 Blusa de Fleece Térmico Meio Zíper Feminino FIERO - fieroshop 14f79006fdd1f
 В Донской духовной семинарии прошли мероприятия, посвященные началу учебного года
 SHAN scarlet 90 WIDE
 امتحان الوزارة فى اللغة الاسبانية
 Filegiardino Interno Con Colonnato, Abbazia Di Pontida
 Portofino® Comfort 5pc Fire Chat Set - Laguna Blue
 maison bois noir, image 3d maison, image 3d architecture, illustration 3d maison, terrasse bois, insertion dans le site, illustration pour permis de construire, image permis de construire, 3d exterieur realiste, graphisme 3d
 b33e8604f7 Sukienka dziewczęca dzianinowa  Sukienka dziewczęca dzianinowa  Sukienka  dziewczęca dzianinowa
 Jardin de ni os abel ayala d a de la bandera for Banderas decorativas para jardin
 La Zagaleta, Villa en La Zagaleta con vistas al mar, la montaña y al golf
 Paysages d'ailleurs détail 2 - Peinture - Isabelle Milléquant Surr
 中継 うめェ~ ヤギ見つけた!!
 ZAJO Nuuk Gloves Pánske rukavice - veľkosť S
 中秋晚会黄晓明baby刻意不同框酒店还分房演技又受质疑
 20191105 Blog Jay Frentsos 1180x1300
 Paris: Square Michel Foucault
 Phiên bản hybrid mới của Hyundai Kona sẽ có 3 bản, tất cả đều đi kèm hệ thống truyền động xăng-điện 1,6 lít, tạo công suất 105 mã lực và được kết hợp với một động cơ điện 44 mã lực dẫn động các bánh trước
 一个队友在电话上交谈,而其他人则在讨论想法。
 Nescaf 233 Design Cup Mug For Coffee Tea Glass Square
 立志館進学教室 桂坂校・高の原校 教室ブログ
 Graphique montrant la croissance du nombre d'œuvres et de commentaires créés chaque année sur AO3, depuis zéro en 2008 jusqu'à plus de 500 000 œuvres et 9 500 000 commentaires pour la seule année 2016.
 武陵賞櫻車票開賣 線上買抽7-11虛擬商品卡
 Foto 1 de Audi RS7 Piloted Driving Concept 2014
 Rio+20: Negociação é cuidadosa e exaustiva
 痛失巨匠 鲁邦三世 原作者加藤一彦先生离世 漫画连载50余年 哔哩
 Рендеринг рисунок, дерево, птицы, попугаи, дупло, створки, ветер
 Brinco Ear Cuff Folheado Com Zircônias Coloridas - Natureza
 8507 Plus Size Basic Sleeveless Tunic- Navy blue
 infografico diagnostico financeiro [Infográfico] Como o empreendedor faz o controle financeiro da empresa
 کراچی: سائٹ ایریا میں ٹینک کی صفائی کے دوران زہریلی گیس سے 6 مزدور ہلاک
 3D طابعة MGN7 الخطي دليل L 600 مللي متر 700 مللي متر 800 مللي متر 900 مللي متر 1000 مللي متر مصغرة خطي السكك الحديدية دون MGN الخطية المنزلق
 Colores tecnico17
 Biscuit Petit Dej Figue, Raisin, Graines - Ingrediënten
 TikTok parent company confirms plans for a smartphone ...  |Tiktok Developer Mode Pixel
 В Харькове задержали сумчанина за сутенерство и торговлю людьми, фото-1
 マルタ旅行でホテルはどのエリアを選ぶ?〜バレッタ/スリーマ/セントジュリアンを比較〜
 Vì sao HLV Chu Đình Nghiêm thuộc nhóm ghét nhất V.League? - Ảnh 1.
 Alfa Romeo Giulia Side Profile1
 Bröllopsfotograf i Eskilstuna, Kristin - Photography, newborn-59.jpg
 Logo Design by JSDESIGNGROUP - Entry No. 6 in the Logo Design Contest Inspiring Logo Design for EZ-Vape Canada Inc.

◇ ◇ ◇ ◇ ◇

## Task brief
Copy every record shown above, exactly and completely.

## The answer
 Blusa de Fleece Térmico Meio Zíper Feminino FIERO - fieroshop 14f79006fdd1f
 В Донской духовной семинарии прошли мероприятия, посвященные началу учебного года
 SHAN scarlet 90 WIDE
 امتحان الوزارة فى اللغة الاسبانية
 Filegiardino Interno Con Colonnato, Abbazia Di Pontida
 Portofino® Comfort 5pc Fire Chat Set - Laguna Blue
 maison bois noir, image 3d maison, image 3d architecture, illustration 3d maison, terrasse bois, insertion dans le site, illustration pour permis de construire, image permis de construire, 3d exterieur realiste, graphisme 3d
 b33e8604f7 Sukienka dziewczęca dzianinowa  Sukienka dziewczęca dzianinowa  Sukienka  dziewczęca dzianinowa
 Jardin de ni os abel ayala d a de la bandera for Banderas decorativas para jardin
 La Zagaleta, Villa en La Zagaleta con vistas al mar, la montaña y al golf
 Paysages d'ailleurs détail 2 - Peinture - Isabelle Milléquant Surr
 中継 うめェ~ ヤギ見つけた!!
 ZAJO Nuuk Gloves Pánske rukavice - veľkosť S
 中秋晚会黄晓明baby刻意不同框酒店还分房演技又受质疑
 20191105 Blog Jay Frentsos 1180x1300
 Paris: Square Michel Foucault
 Phiên bản hybrid mới của Hyundai Kona sẽ có 3 bản, tất cả đều đi kèm hệ thống truyền động xăng-điện 1,6 lít, tạo công suất 105 mã lực và được kết hợp với một động cơ điện 44 mã lực dẫn động các bánh trước
 一个队友在电话上交谈,而其他人则在讨论想法。
 Nescaf 233 Design Cup Mug For Coffee Tea Glass Square
 立志館進学教室 桂坂校・高の原校 教室ブログ
 Graphique montrant la croissance du nombre d'œuvres et de commentaires créés chaque année sur AO3, depuis zéro en 2008 jusqu'à plus de 500 000 œuvres et 9 500 000 commentaires pour la seule année 2016.
 武陵賞櫻車票開賣 線上買抽7-11虛擬商品卡
 Foto 1 de Audi RS7 Piloted Driving Concept 2014
 Rio+20: Negociação é cuidadosa e exaustiva
 痛失巨匠 鲁邦三世 原作者加藤一彦先生离世 漫画连载50余年 哔哩
 Рендеринг рисунок, дерево, птицы, попугаи, дупло, створки, ветер
 Brinco Ear Cuff Folheado Com Zircônias Coloridas - Natureza
 8507 Plus Size Basic Sleeveless Tunic- Navy blue
 infografico diagnostico financeiro [Infográfico] Como o empreendedor faz o controle financeiro da empresa
 کراچی: سائٹ ایریا میں ٹینک کی صفائی کے دوران زہریلی گیس سے 6 مزدور ہلاک
 3D طابعة MGN7 الخطي دليل L 600 مللي متر 700 مللي متر 800 مللي متر 900 مللي متر 1000 مللي متر مصغرة خطي السكك الحديدية دون MGN الخطية المنزلق
 Colores tecnico17
 Biscuit Petit Dej Figue, Raisin, Graines - Ingrediënten
 TikTok parent company confirms plans for a smartphone ...  |Tiktok Developer Mode Pixel
 В Харькове задержали сумчанина за сутенерство и торговлю людьми, фото-1
 マルタ旅行でホテルはどのエリアを選ぶ?〜バレッタ/スリーマ/セントジュリアンを比較〜
 Vì sao HLV Chu Đình Nghiêm thuộc nhóm ghét nhất V.League? - Ảnh 1.
 Alfa Romeo Giulia Side Profile1
 Bröllopsfotograf i Eskilstuna, Kristin - Photography, newborn-59.jpg
 Logo Design by JSDESIGNGROUP - Entry No. 6 in the Logo Design Contest Inspiring Logo Design for EZ-Vape Canada Inc.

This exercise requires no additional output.